Did I just get 2 dud drivers ? I haven't taken it apart yet to investigate. But is this a common issue? Is there any quick fixes ?



Sent from my iPhone using Candlepowerforums


----------



## Norm (Feb 18, 2015)

:welcome:
This has been fairly well covered in the past - Norm


----------



## shiftline (Feb 18, 2015)

Norm said:


> :welcome:
> This has been fairly well covered in the past - Norm



I read a big article on its the switching of the current in the driver at a high frequency. It just seems odd the out of 4 identical drivers some do it and some don't. I guess I'll keep searching the forums for answers 

Ps thanks for the link!

Sent from my iPhone using Candlepowerforums


----------



## Norm (Feb 18, 2015)

Probably due to a lack of QC so it can be hit or miss. 

Norm


Sent from my iPhone using Candlepowerforums


----------



## shiftline (Feb 18, 2015)

Thanks norm. 
Is it generally the capacitors? Would replacing the driver capacitors likely remedy it?


Sent from my iPhone using Candlepowerforums


----------



## Norm (Feb 18, 2015)

I think the usual culprit is the inductor in a boost circuit. 

Norm


----------



## more_vampires (Feb 18, 2015)

It could be the inductor.... or maybe it could be the *dark side*!


----------



## DIWdiver (Feb 18, 2015)

It can be the caps if they are ceramic. I had a design where we had to change from ceramic to electrolytic caps for this reason.


----------



## shiftline (Feb 19, 2015)

I'll strip it down tomorrow and see what's in there 


Sent from my iPhone using Candlepowerforums


----------



## shiftline (Feb 19, 2015)

The board inside is extremely simple and I belvie the nosie is comming from a current regulator/driver Part# AMC7140DLA
Datasheet > https://www.dropbox.com/s/hziv3k07grlsl9j/AMC7140DLA.pdf?dl=0

Is there anything i can do about it?
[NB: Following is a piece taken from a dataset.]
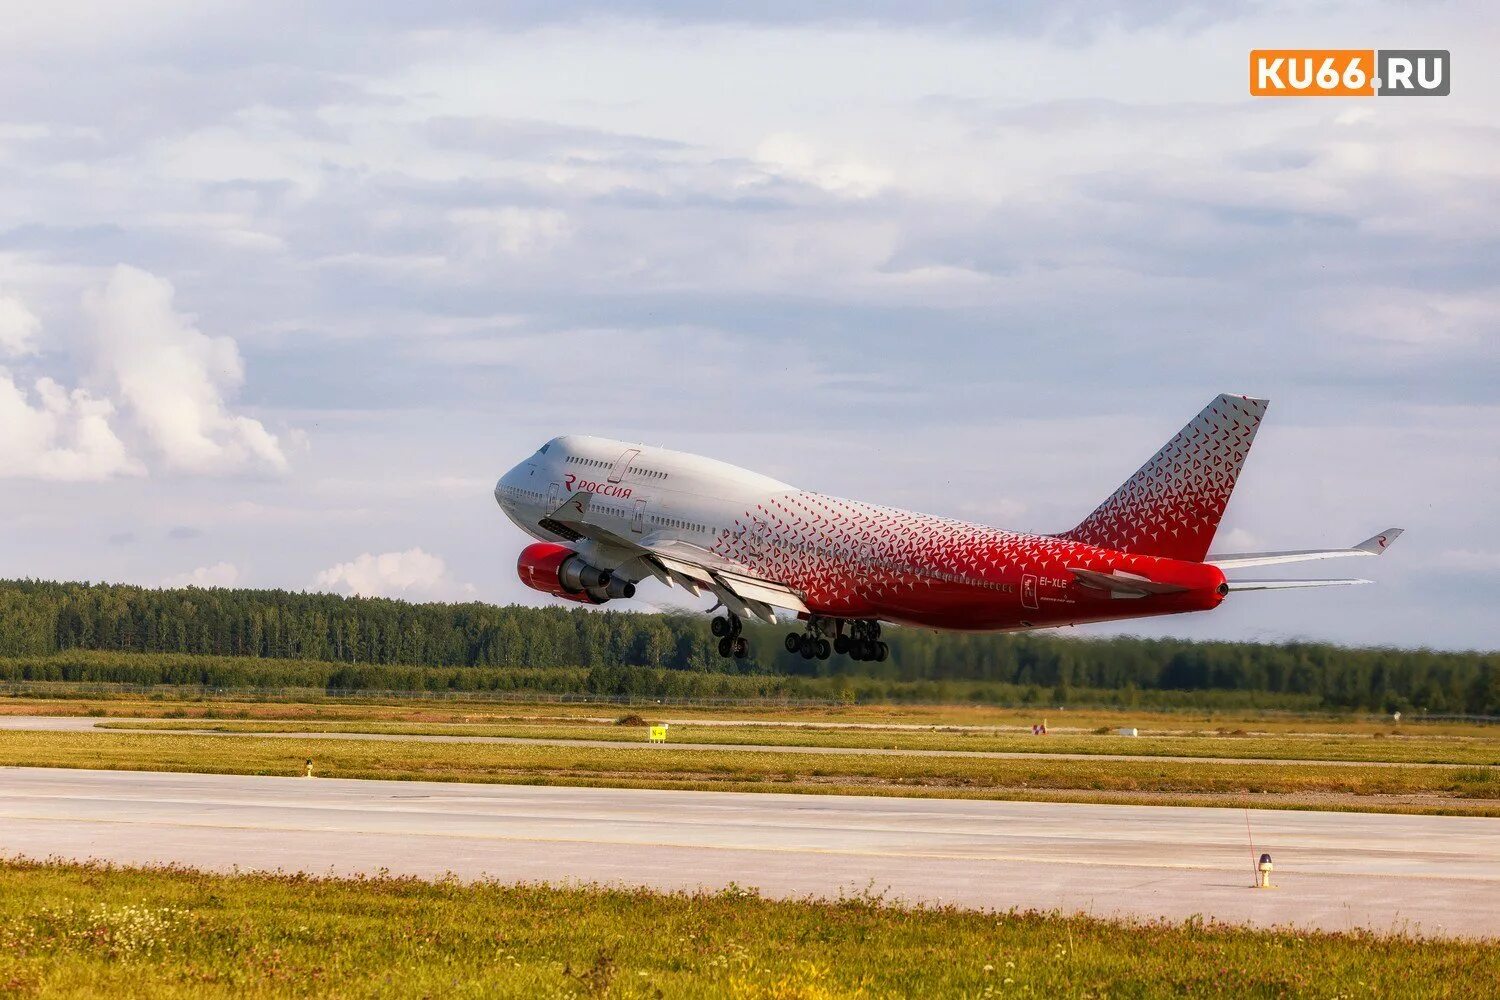 Какие самолеты в мае. Боинг 747 авиакомпания Россия. Самолет Боинг 747 авиакомпания Россия в аэропорту Шереметьево. Авиакомпания Россия в Шереметьево. Красный самолет.
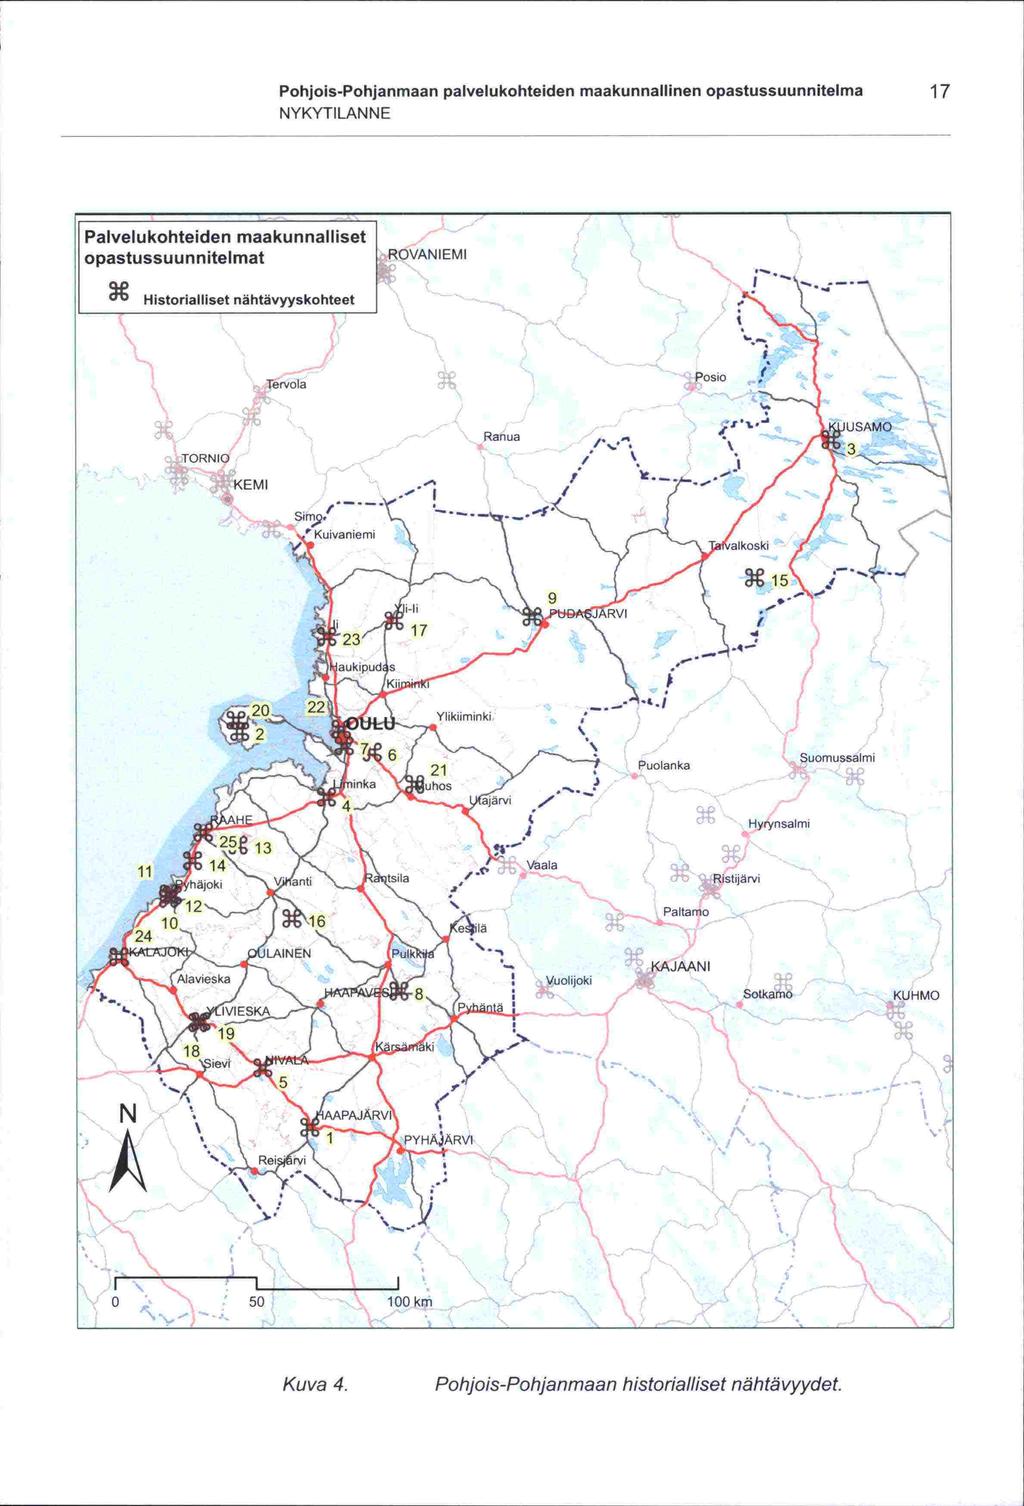 ' -S -S Pohjois-Pohjanmaan palvelukohteiden maakunnallinen opastussuunnitelma 17 NYKYTILANNE Palvelukohteiden maakunnalliset opastussuunnitelmat ROVANIEMI Historialliset nähtävyyskohteet - I Tervola

I can try to order some more of that part# and replace them... they all seem to make noise.. 2 are just a little loud.
is there anything else to try or is that my only option?


----------



## DIWdiver (Feb 19, 2015)

The AMC7140 is a linear device, and definitely should not be doing anything that could result in audible noise. In fact, I don't see anything in either of your pictures that looks like there should be switching or AC involved, which would be necessary to create audible noise.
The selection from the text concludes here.